Try it = Your copy of the data should match it exactly, leaving out only the pictures.
─── Collected material
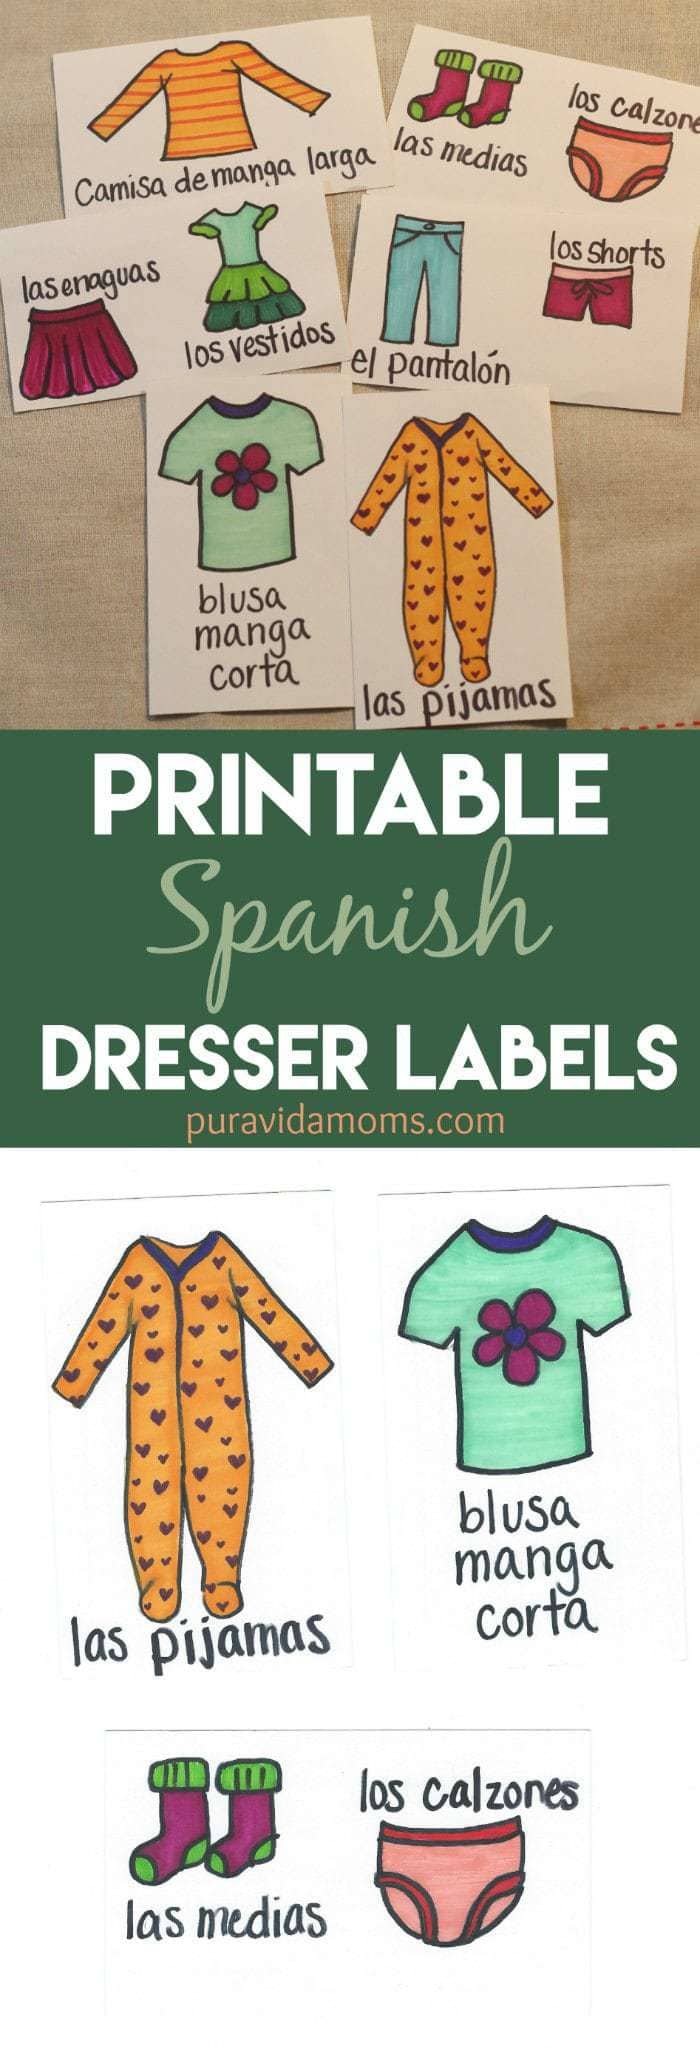 Spanish Dresser Drawer Labels Printable
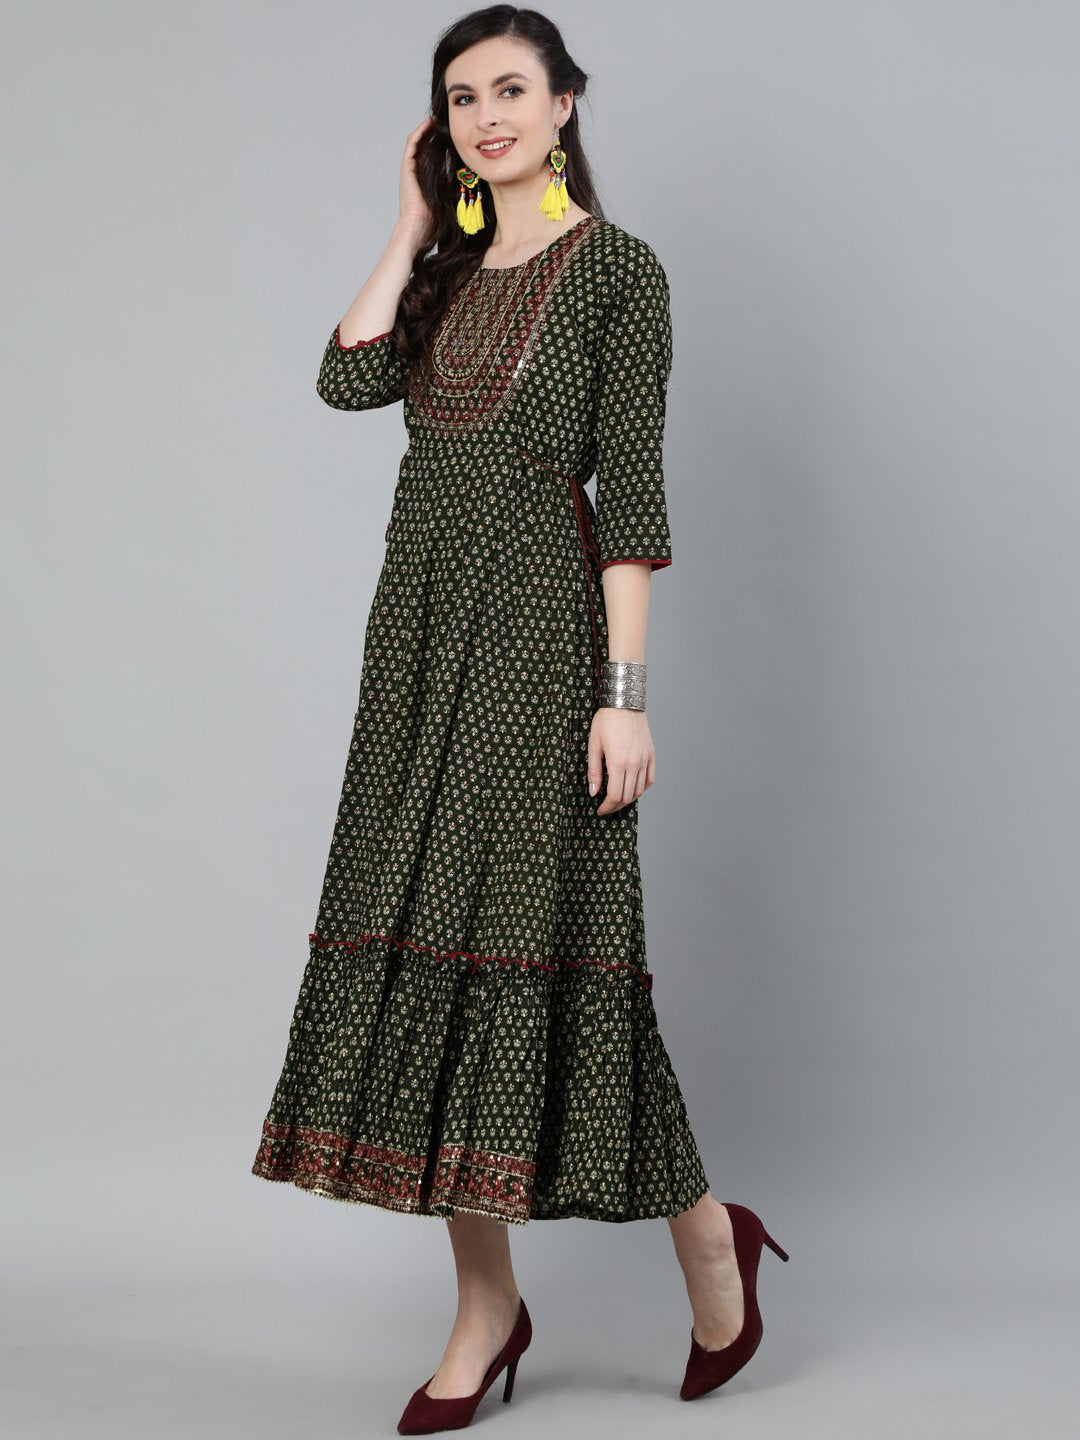 Ishin Women's Cotton Green Embroidered Anarkali Dress
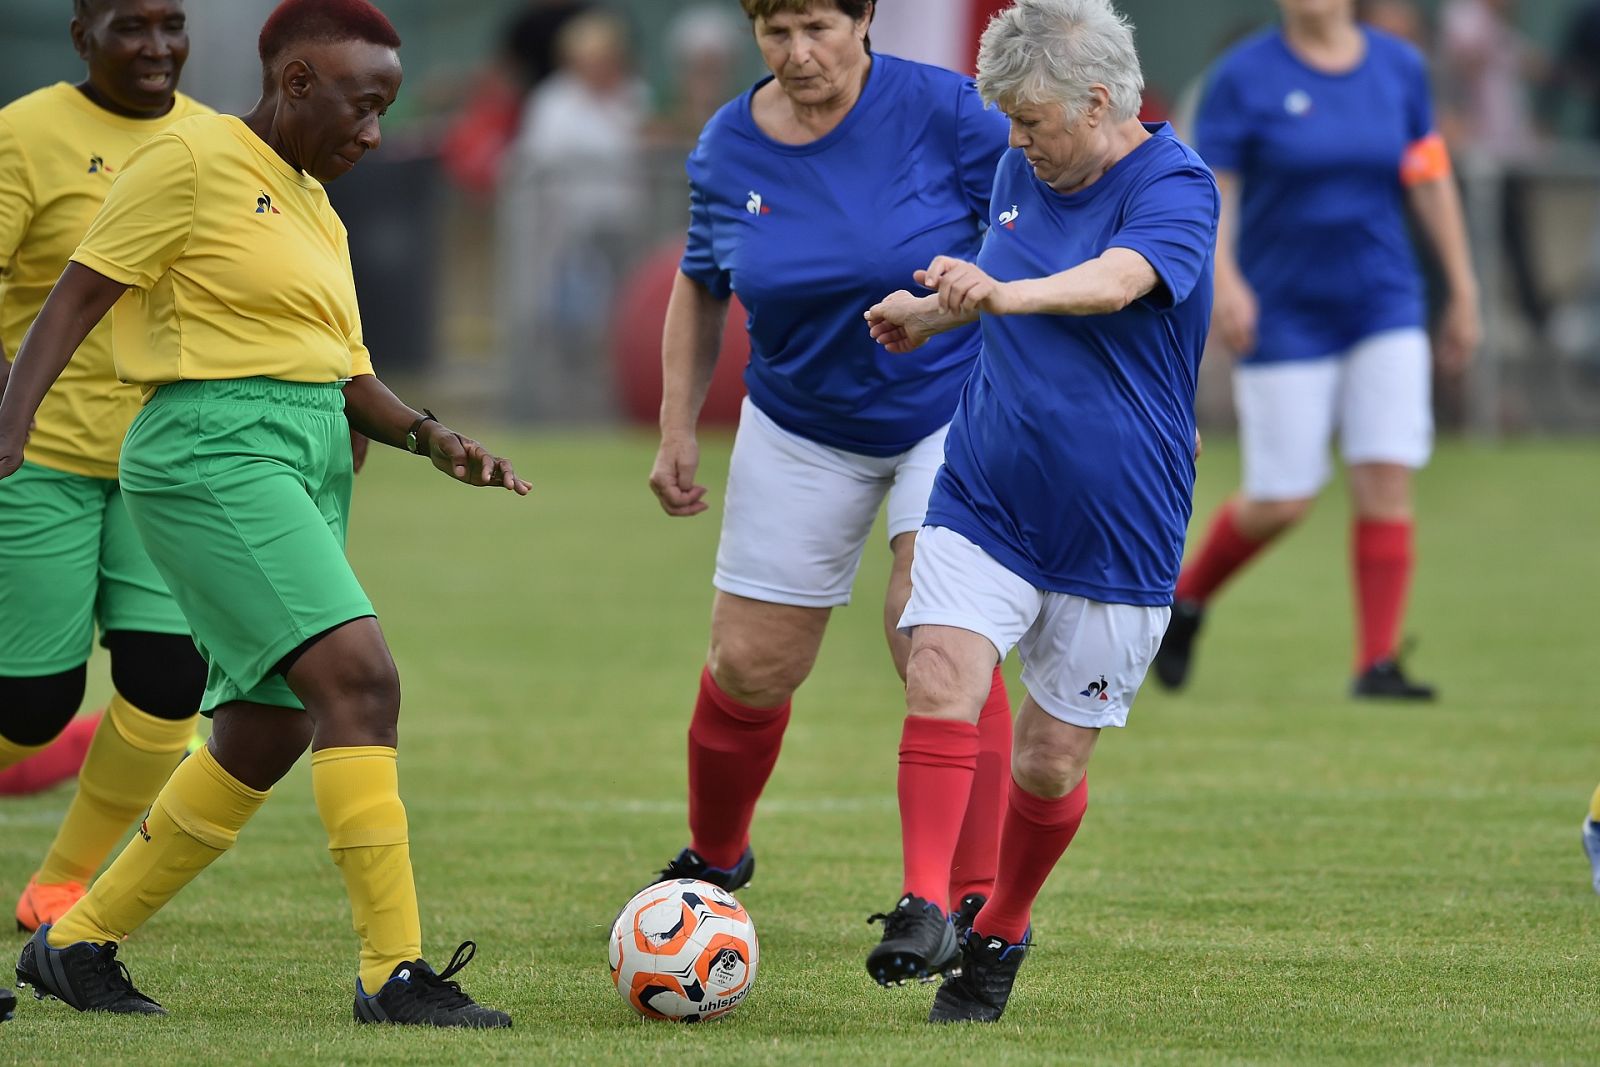 FOOTBALL : Les soccer Grannies 2019 - France vs Afrique du Sud - 19/06/2019
──────
Response to the exercise =
 Spanish Dresser Drawer Labels Printable
 Ishin Women's Cotton Green Embroidered Anarkali Dress
 FOOTBALL : Les soccer Grannies 2019 - France vs Afrique du Sud - 19/06/2019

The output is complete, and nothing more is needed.